**Supplied information:**

- - -

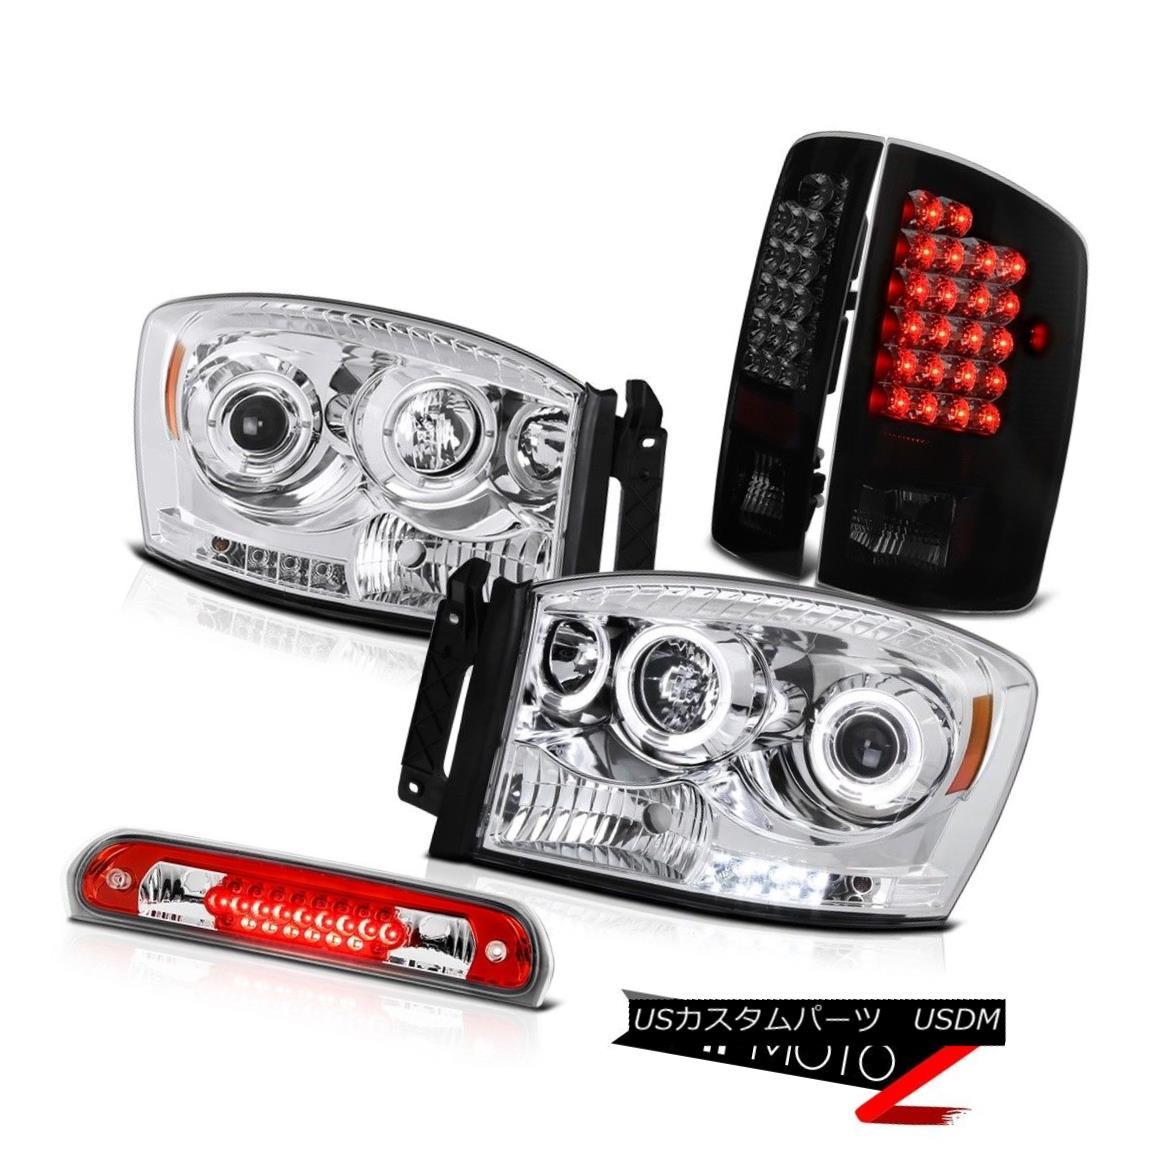 テールライト Halo LED Headlights Sinister Black Taillights High Stop Red 07 08 Ram Magnum V8 Halo LEDヘッドライト灰色の闇の灯台ハイストップレッド07 08ラムマグナムV8
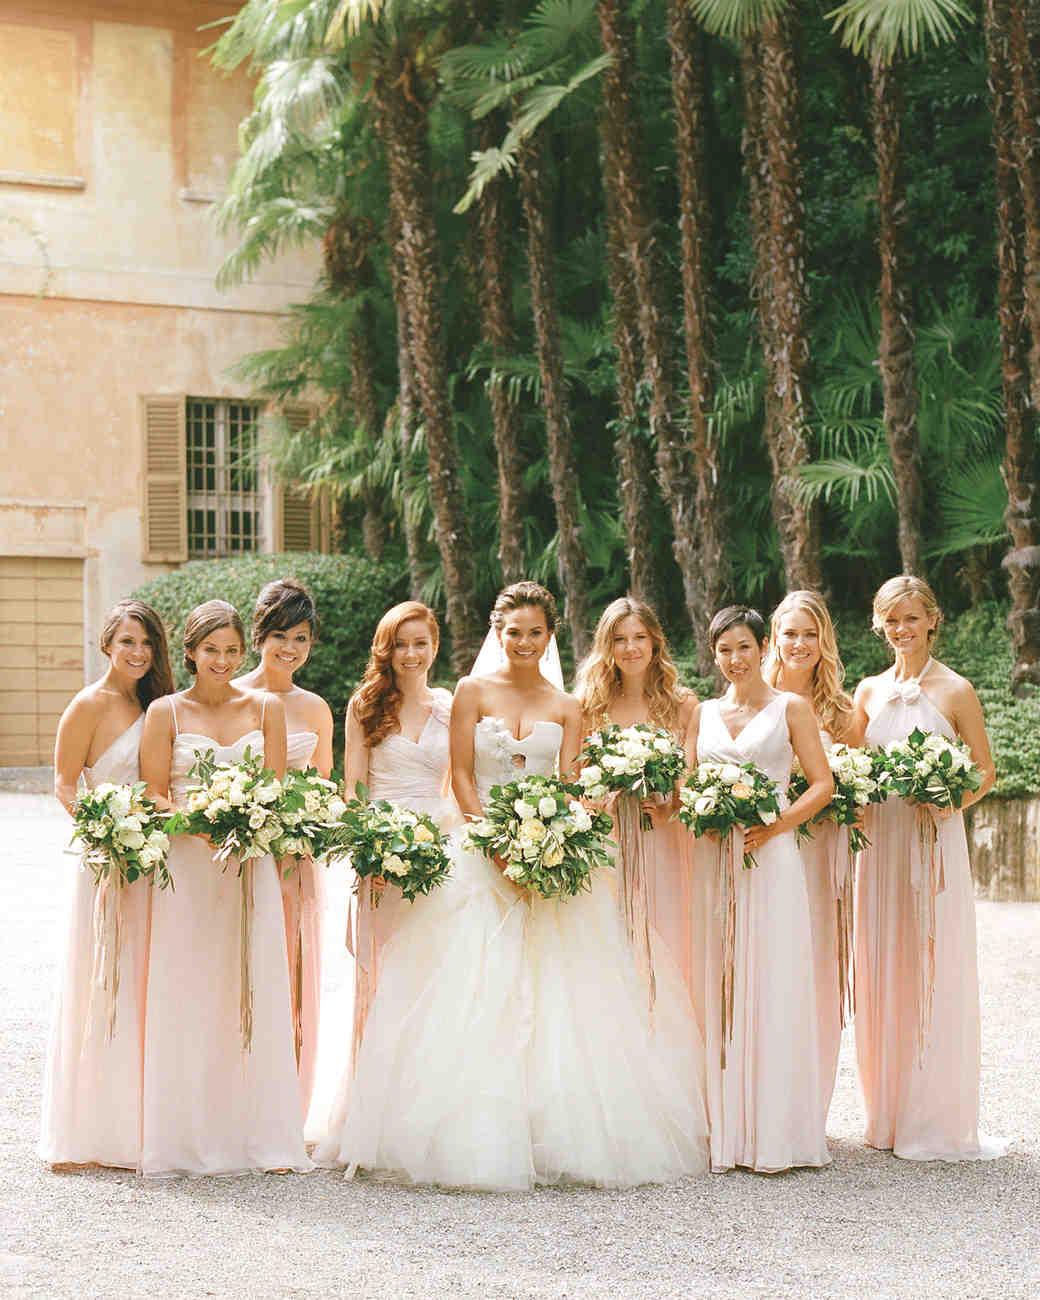 chrissy teigen john legend wedding bridesmaids
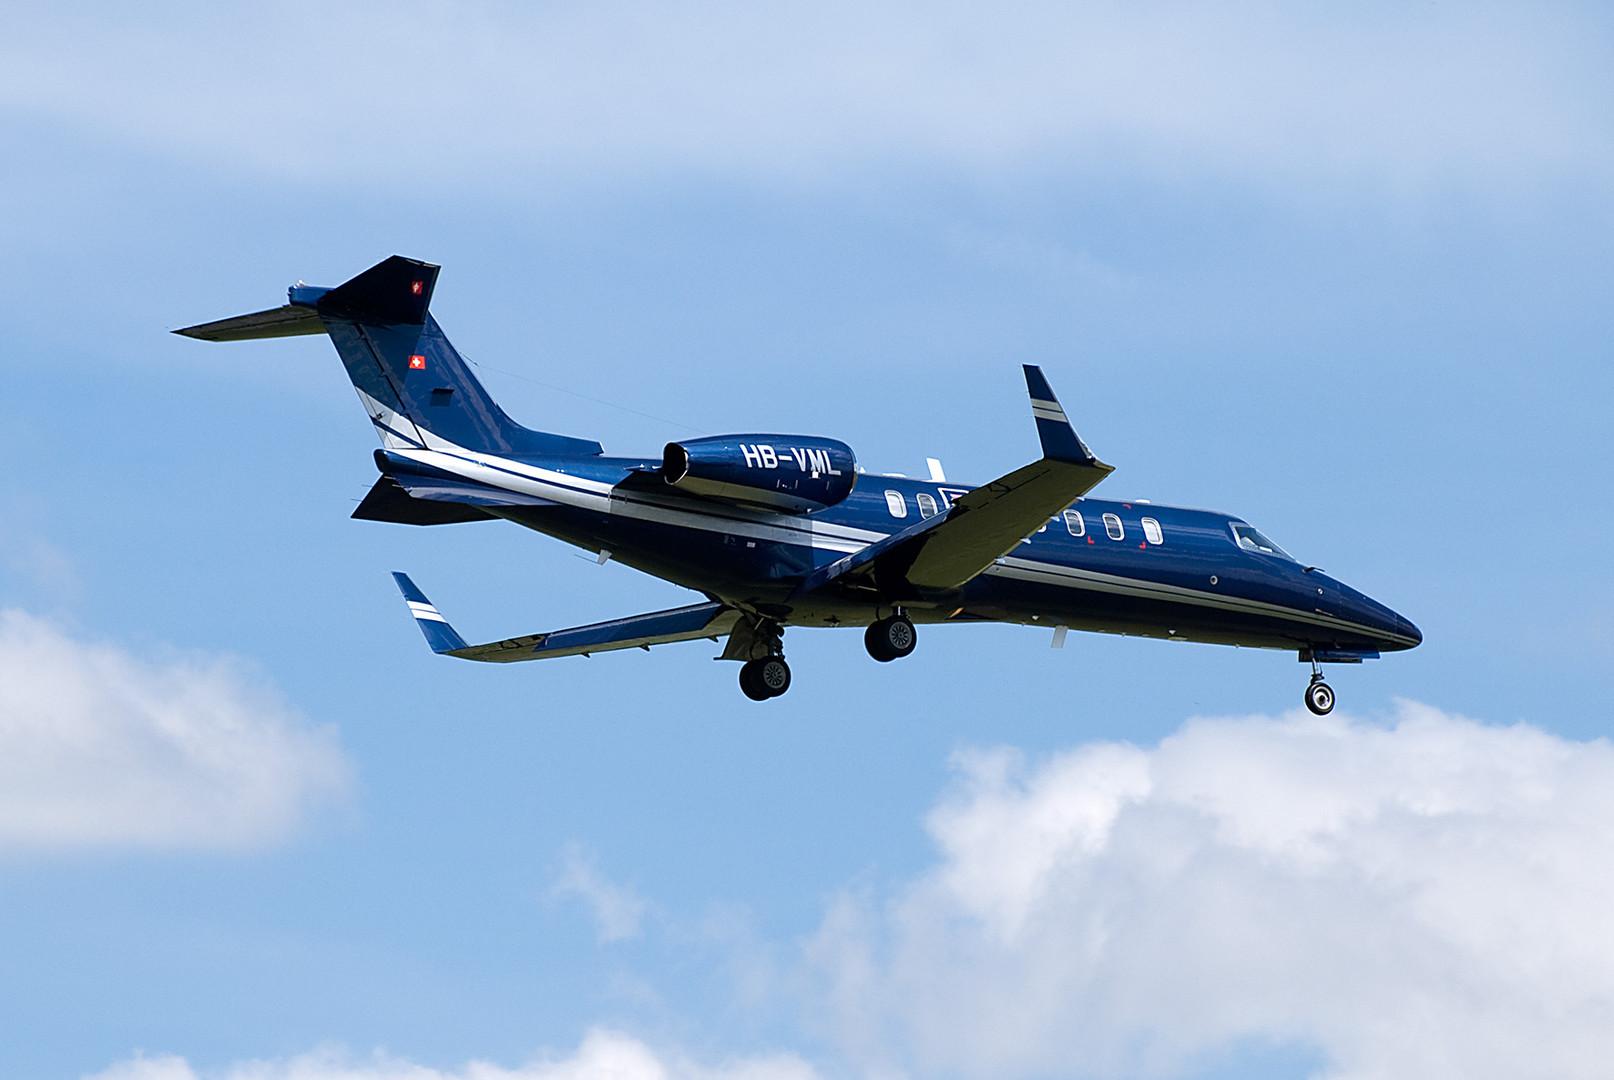 HB-VML im Landeanflug
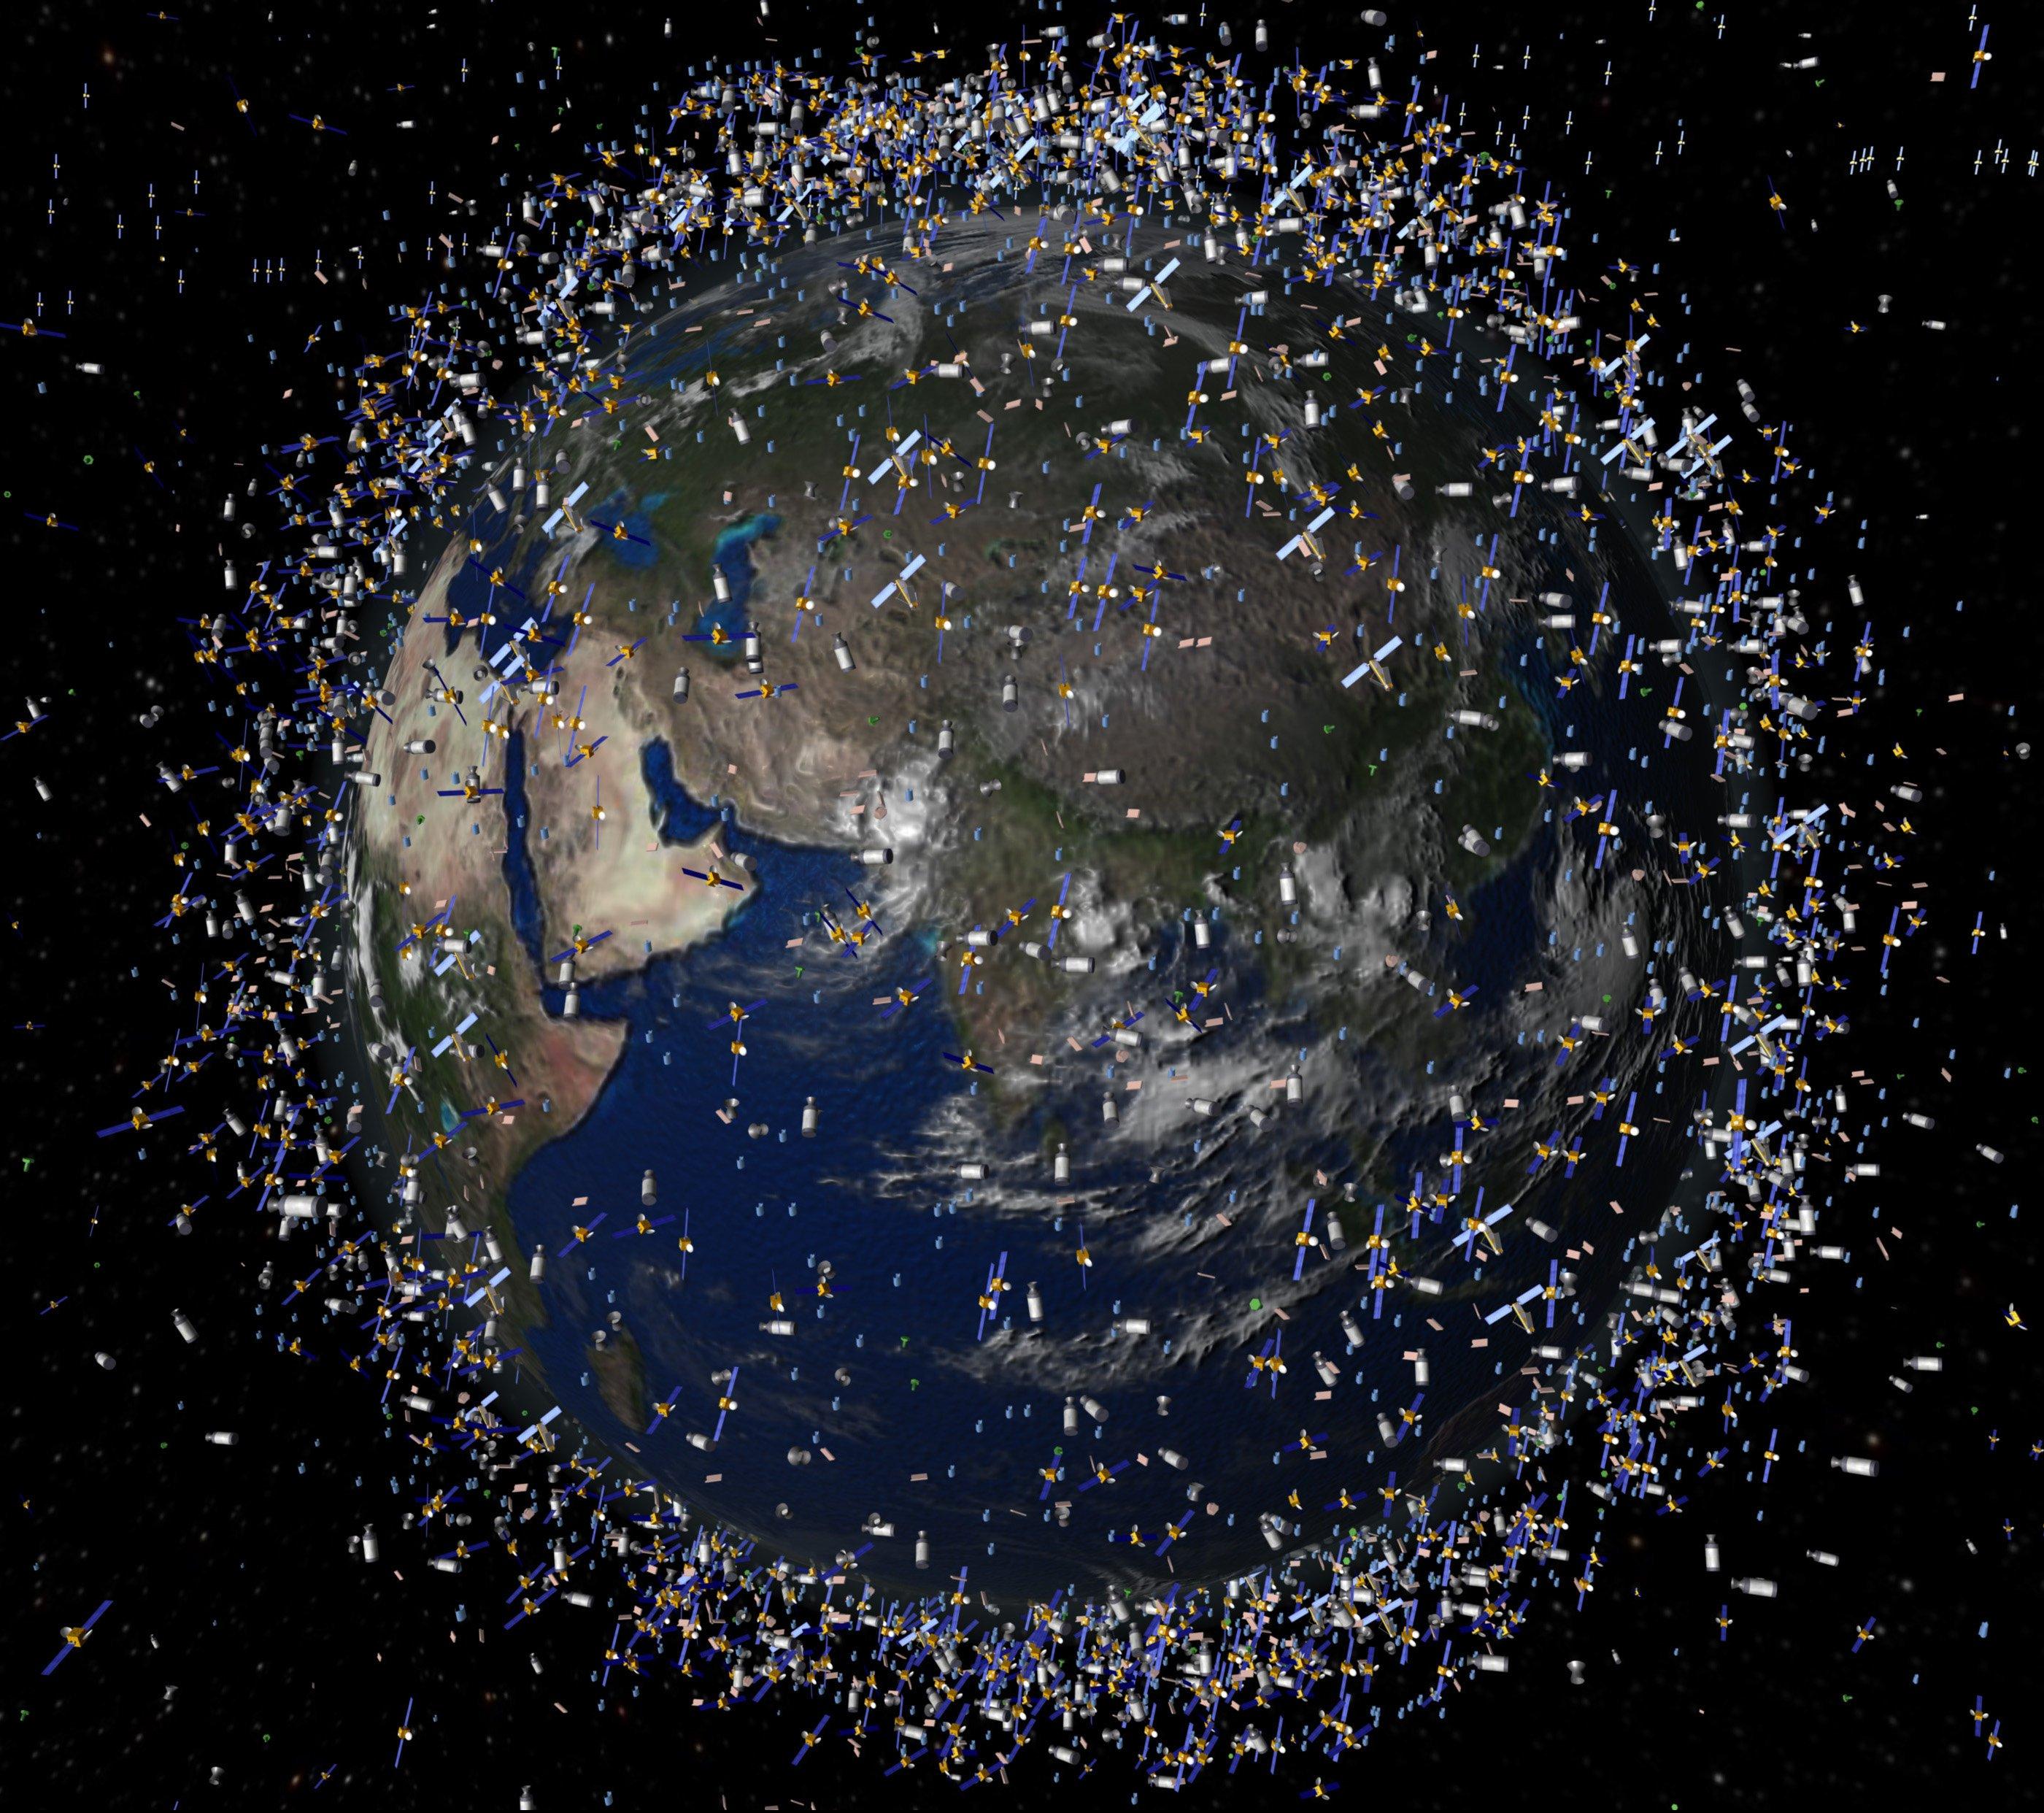 Das computergenerierte Bild der European Space Agency (ESA) zeigt Weltraummüll früherer Weltraummissionen, der neben intakten Satelliten um die Erde kreist.

- - -

**Aim of the task:**
Your response must consist of the lines from the beginning of the data through the line containing "HB-VML im Landeanflug", transcribed exactly, with no pictures.

**Exercise answer:**
 テールライト Halo LED Headlights Sinister Black Taillights High Stop Red 07 08 Ram Magnum V8 Halo LEDヘッドライト灰色の闇の灯台ハイストップレッド07 08ラムマグナムV8
 chrissy teigen john legend wedding bridesmaids
 HB-VML im Landeanflug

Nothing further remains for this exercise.